Patch bump, no user-visible behavior change. TensorWasm patch release. Release notes one-line the bump. No migration doc.
Minor bump. TensorWasm minor release on v0.x. Aligns with PATH-TO-V1.md Open Decision 8 — nightly-toolchain and Wasmtime cadence drive the v0.x minor cadence together. Release notes summarize upstream breaking changes and TensorWasm-side adapter shifts.
Major bump. TensorWasm major at v1.0+ (during v0.x, still a minor only because v0.x is pre-stability). Always ships with docs/MIGRATION-<old>-to-<new>.md covering API-shape changes, silent behavior changes, and removed Wasmtime features users may have relied on transitively.
CVE patch. TensorWasm patch release on every supported v0.x and v1.x line, naming the CVE id and linking the advisory. An unavoidable behavior change (rare) gets major-style migration treatment.

The CHANGELOG.md release-notes template has a "Wasmtime" subsection that must be present for every release that touched the pin.

What forces a major bump

A Wasmtime minor bump becomes a major (RFC required, restrictions in Cadence rules) when any of these hold.
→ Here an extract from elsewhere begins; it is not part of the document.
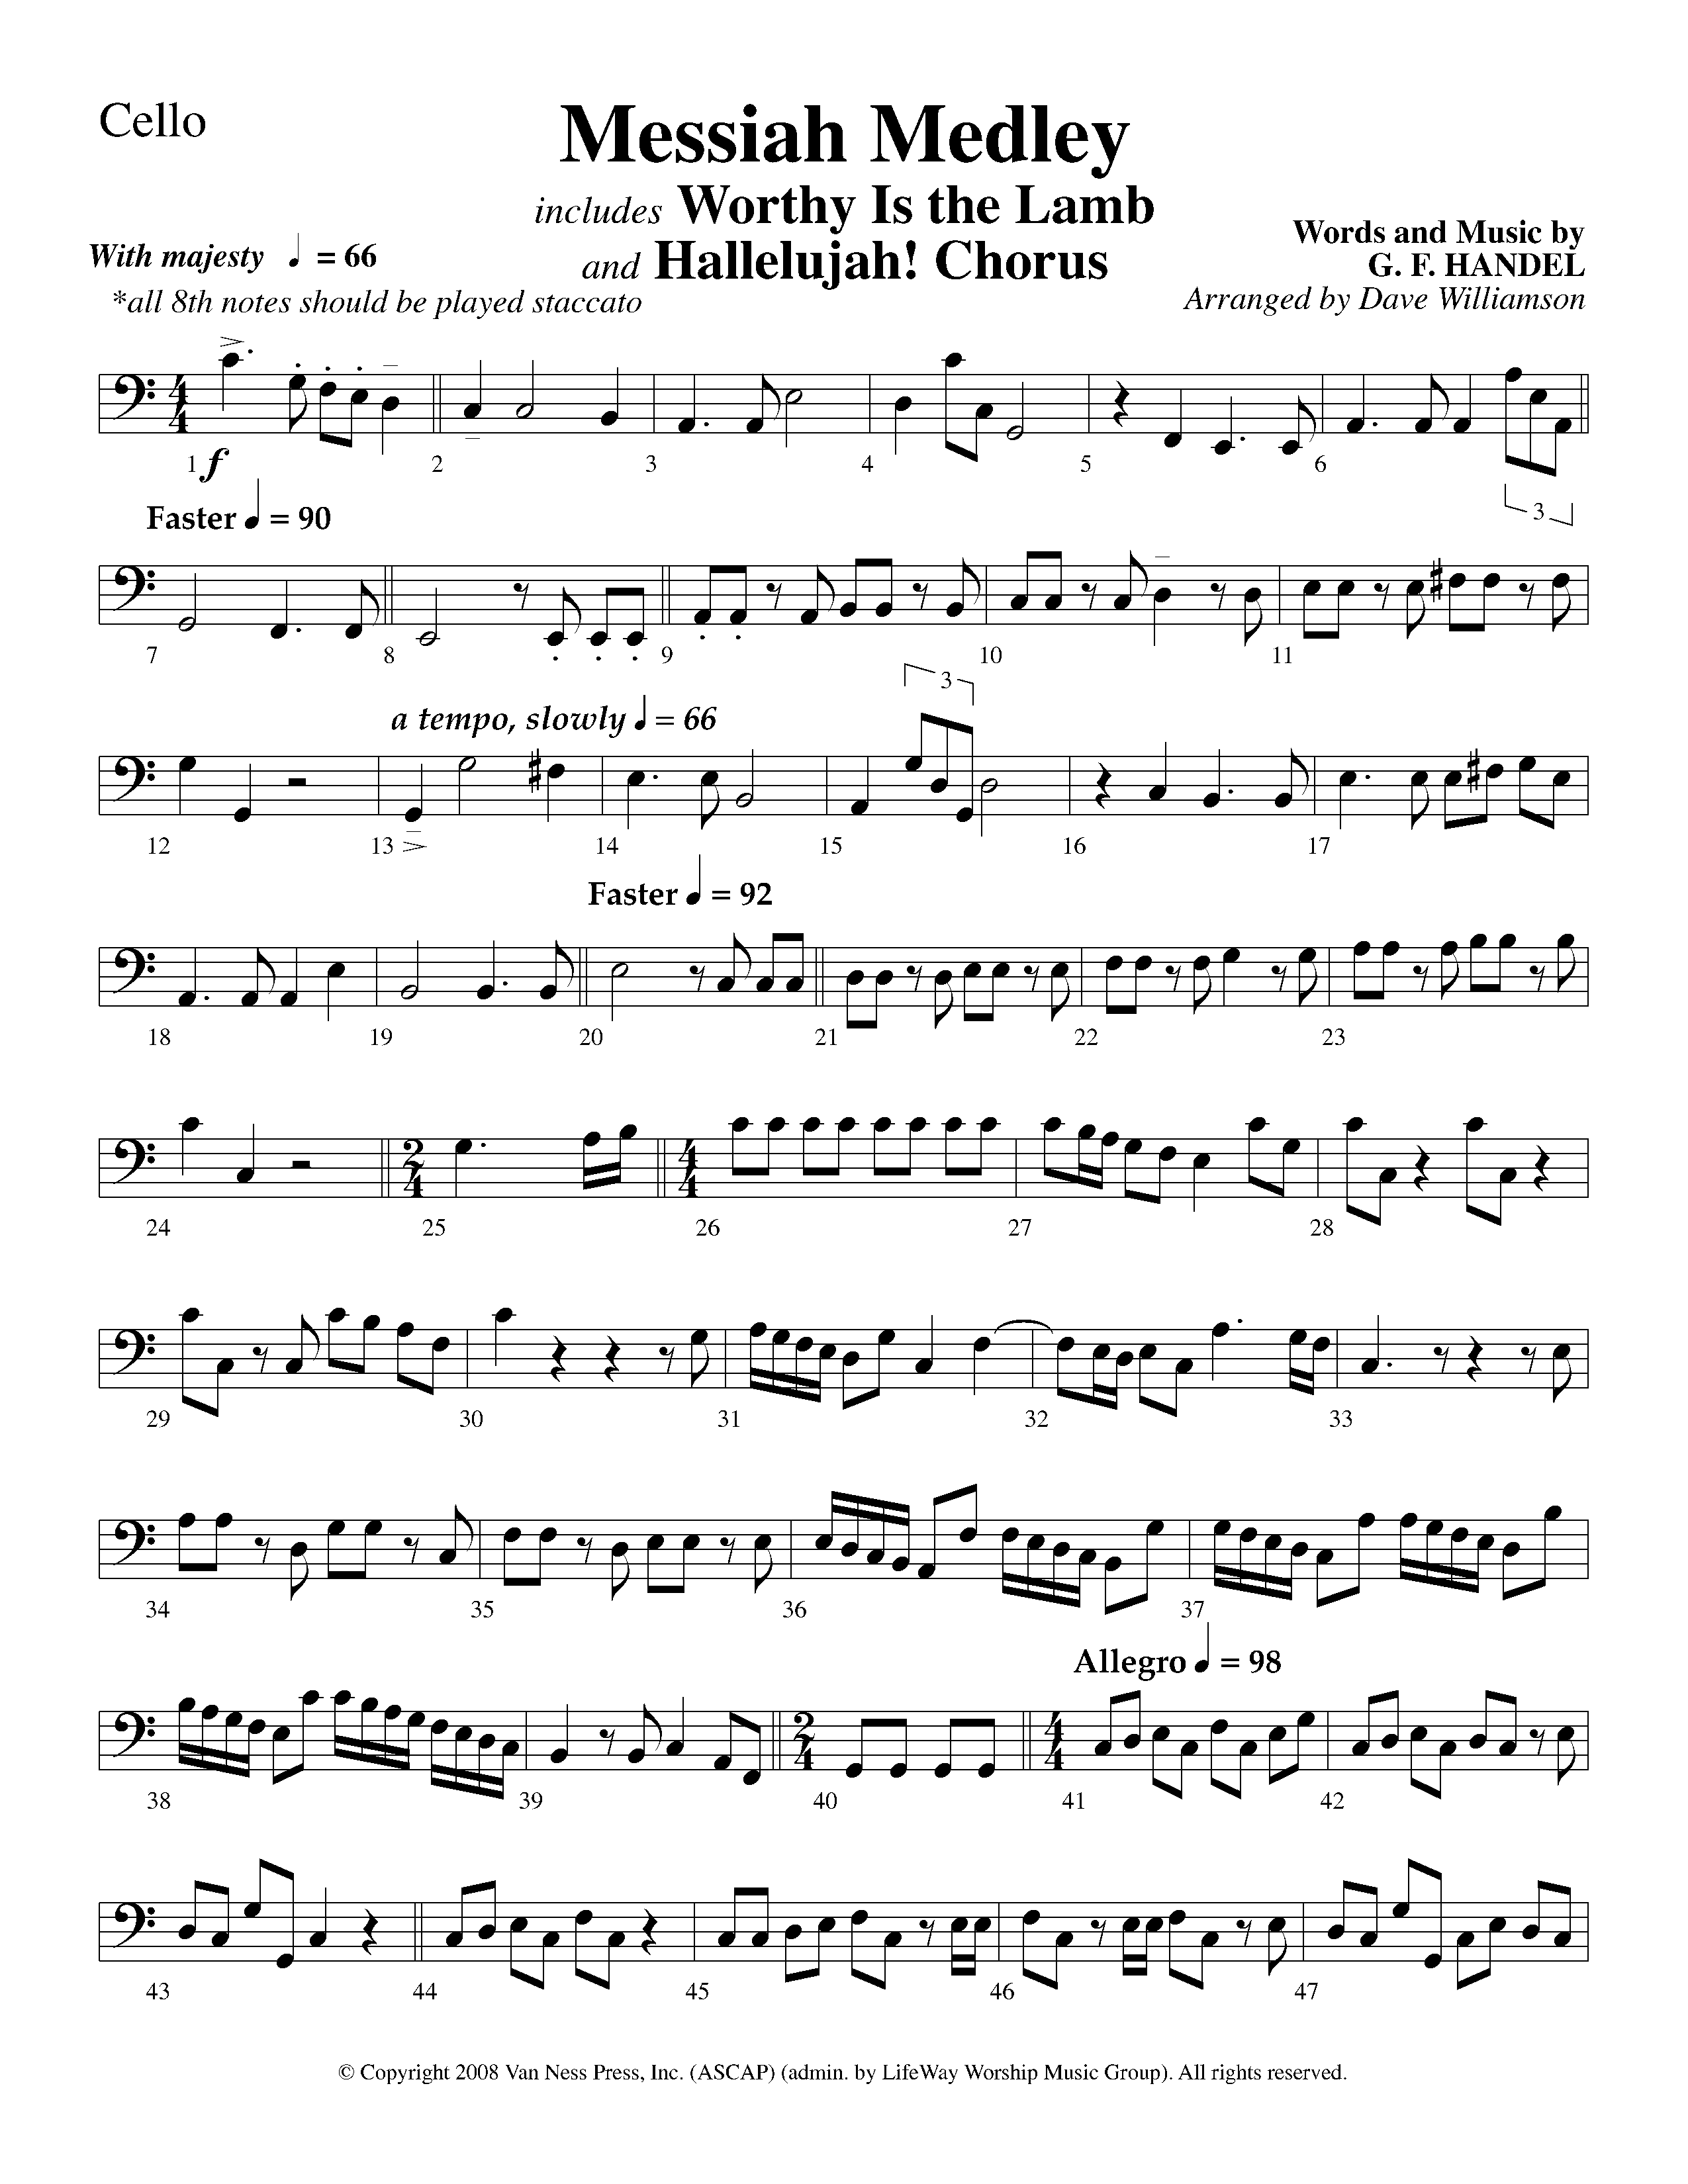 Messiah Medley (with Worthy Is The Lamb, Hallelujah Chorus) (Choral Anthem SATB) Cello (Lifeway Choral / Arr. Dave Williamson)

None are theoretical — each has happened on the Wasmtime release train.

Upstream removes a feature we depend on — the async, cranelift, component-model, or runtime flags we enable in Cargo.toml.
Upstream removes or restructures async. Shape changes to Store::call_async, the epoch interruption model, or the fuel-vs-epoch dichotomy force an audit of every async caller in tensor-wasm-exec and ripple into tensor-wasm-api.
Upstream changes the WASI Preview level. We are on Preview 2 via wit/ and tensor-wasm-wasi-gpu; dropping it or defaulting to Preview 3 forces a WIT rewrite and a guest-fixture rebuild.
Upstream changes the Engine config API. The tensor-wasm-exec::engine builder mirrors Wasmtime's Config closely; a breaking rename surfaces in user-facing config.
Upstream changes LinearMemory / MemoryCreator. The already-confirmed reason 26 is a major (see RISKS.md).
Upstream changes the serialization byte format. If Module::serialize output bytes shift, all W1.3 fixtures need regeneration and SNAPSHOT-COMPATIBILITY.md governs the migrator-vs-break decision.
Upstream changes the component-model surface. A breaking change to Component::new or the host adapter is a major.

Anything else — a new opt-in feature, a perf improvement, a default flag flip we can override — is a minor.

Skip-version policy

Yes, we can skip versions. The cadence does not require visiting every Wasmtime release in order. The cost rises with the number skipped because a run of skipped minors can collapse a deprecation → opt-out → removal sequence into one cold step.

One skipped minor: no extra ceremony. Read the notes for both the skipped and target versions.
Two skipped: read both sets carefully. Flag deprecation warnings in the skipped release that became hard errors in the target. The PR description must list those transitions.
Three or more skipped: treat as a major bump. RFC required, even if upstream classifies each release as a minor individually.

The quarterly cadence is calibrated so we skip at most two minors between bumps. If we ever fall behind enough to skip three, the recovery bump is treated as a major regardless of upstream classification.

References

Upstream releases: bytecodealliance/wasmtime/releases
Upstream security advisories: bytecodealliance/wasmtime/security/advisories
RustSec for wasmtime: rustsec.org/packages/wasmtime
PATH-TO-V1.md — API/ABI workstream this policy satisfies; Open Decision 8 on release-cadence communication.
RISKS.md — original "Wasmtime pin" entry whose operational follow-through this doc is.
WASMTIME-FORK.md — why we did not fork Wasmtime; this cadence assumes we stay on the upstream line.
SNAPSHOT-COMPATIBILITY.md — W1.3 framework exercised by bump checklist step 7.
BENCHMARKING.md — bench corpus and regression semantics for step 8; the "vs Wasmtime" recipe in particular: every bump tightens or relaxes the "TensorWasm overhead vs upstream Wasmtime" number we publish.
rfcs/README.md — RFC process invoked for every Wasmtime major.
.github/dependabot.yml — Dependabot ignores Wasmtime majors; patches and minors flow through normally.

Status: written alongside the v0.1.0 fix wave as part of the v0.4 API/ABI workstream. Revisit at v0.5-beta: by then we will have lived through one or two bumps under this policy and either the cadence or the checklist will need tightening based on real experience.